Information supplied:
★ ★ ★ ★ ★
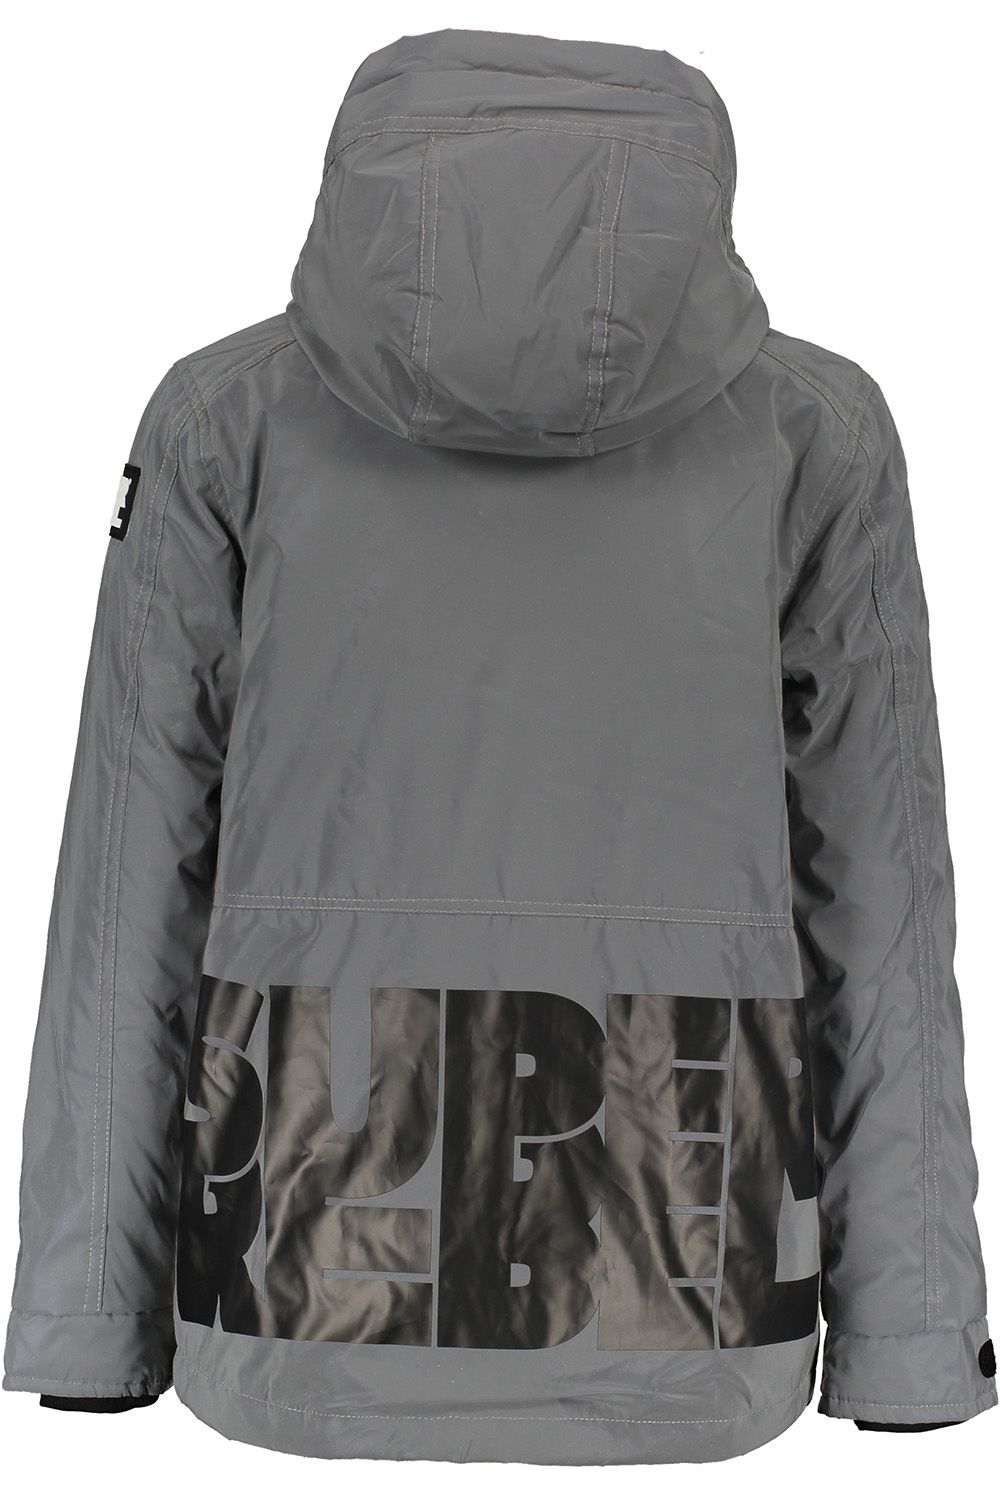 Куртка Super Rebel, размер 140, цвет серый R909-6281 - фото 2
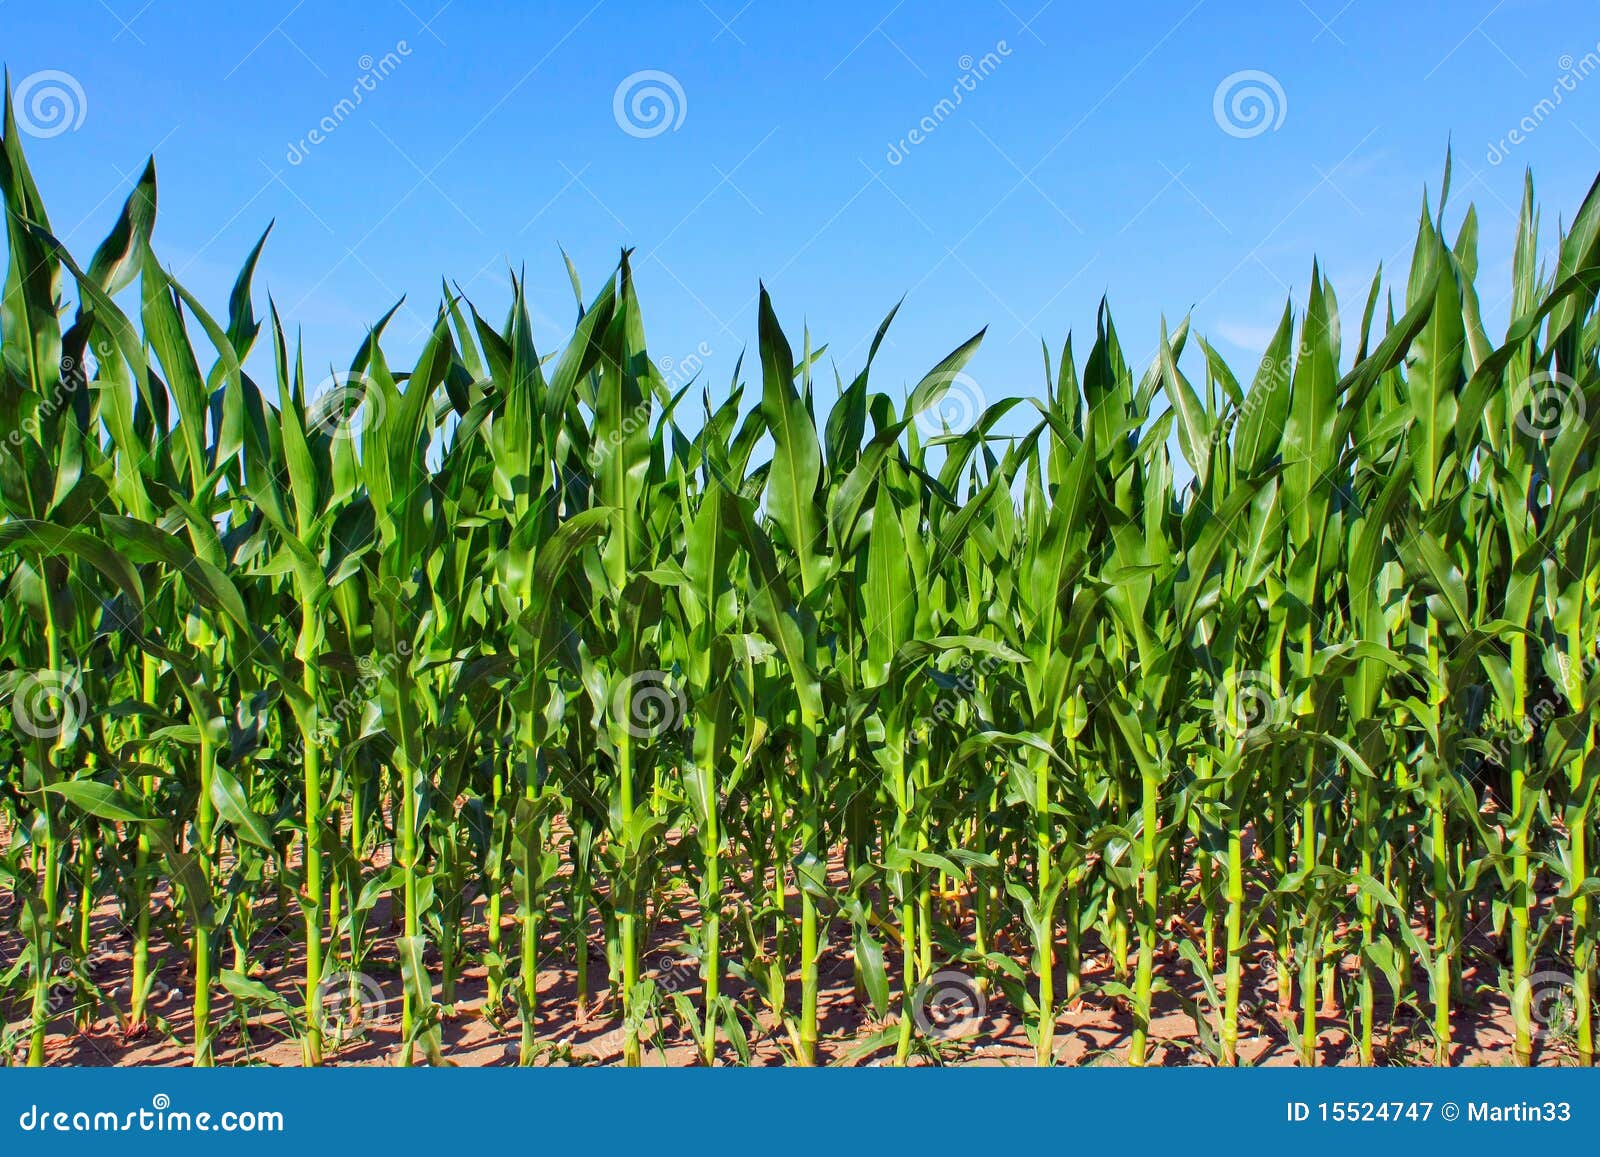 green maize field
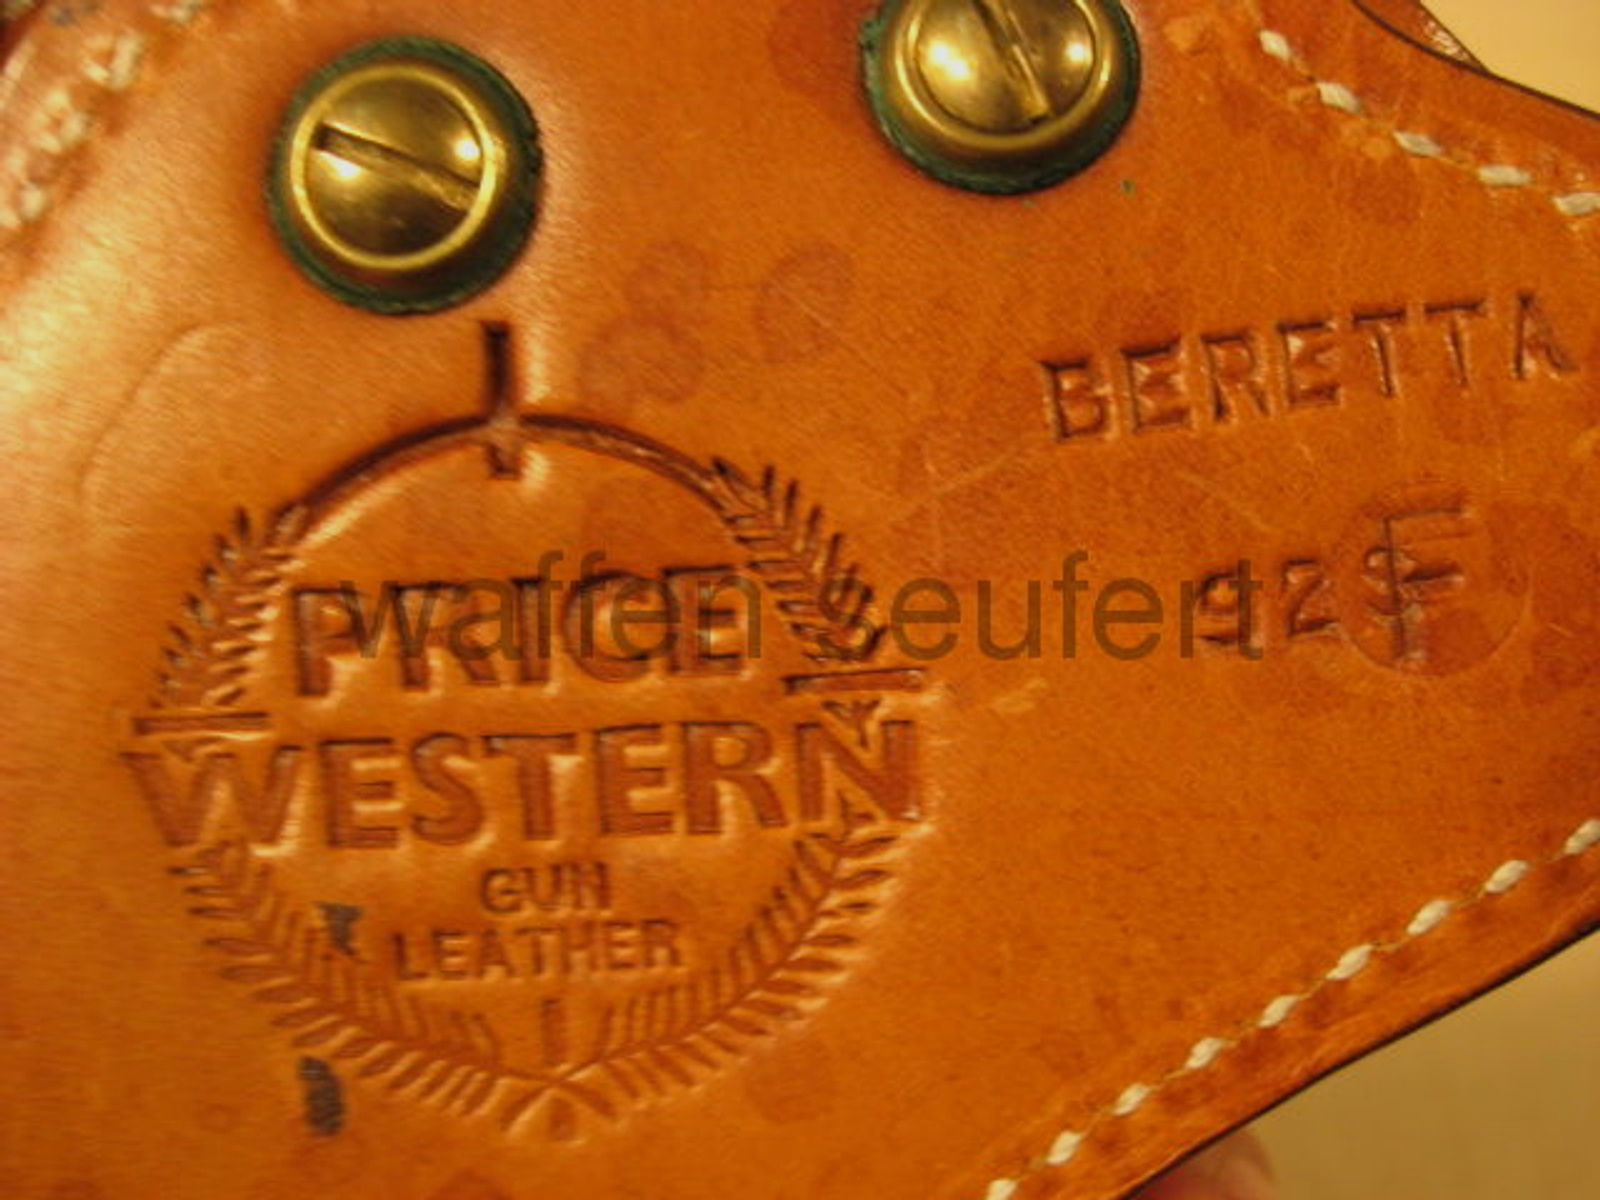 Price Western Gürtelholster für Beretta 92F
★ ★ ★ ★ ★
In the copy, include no pictures, but repeat the listing exactly.

Expected answer:
 Куртка Super Rebel, размер 140, цвет серый R909-6281 - фото 2
 green maize field
 Price Western Gürtelholster für Beretta 92F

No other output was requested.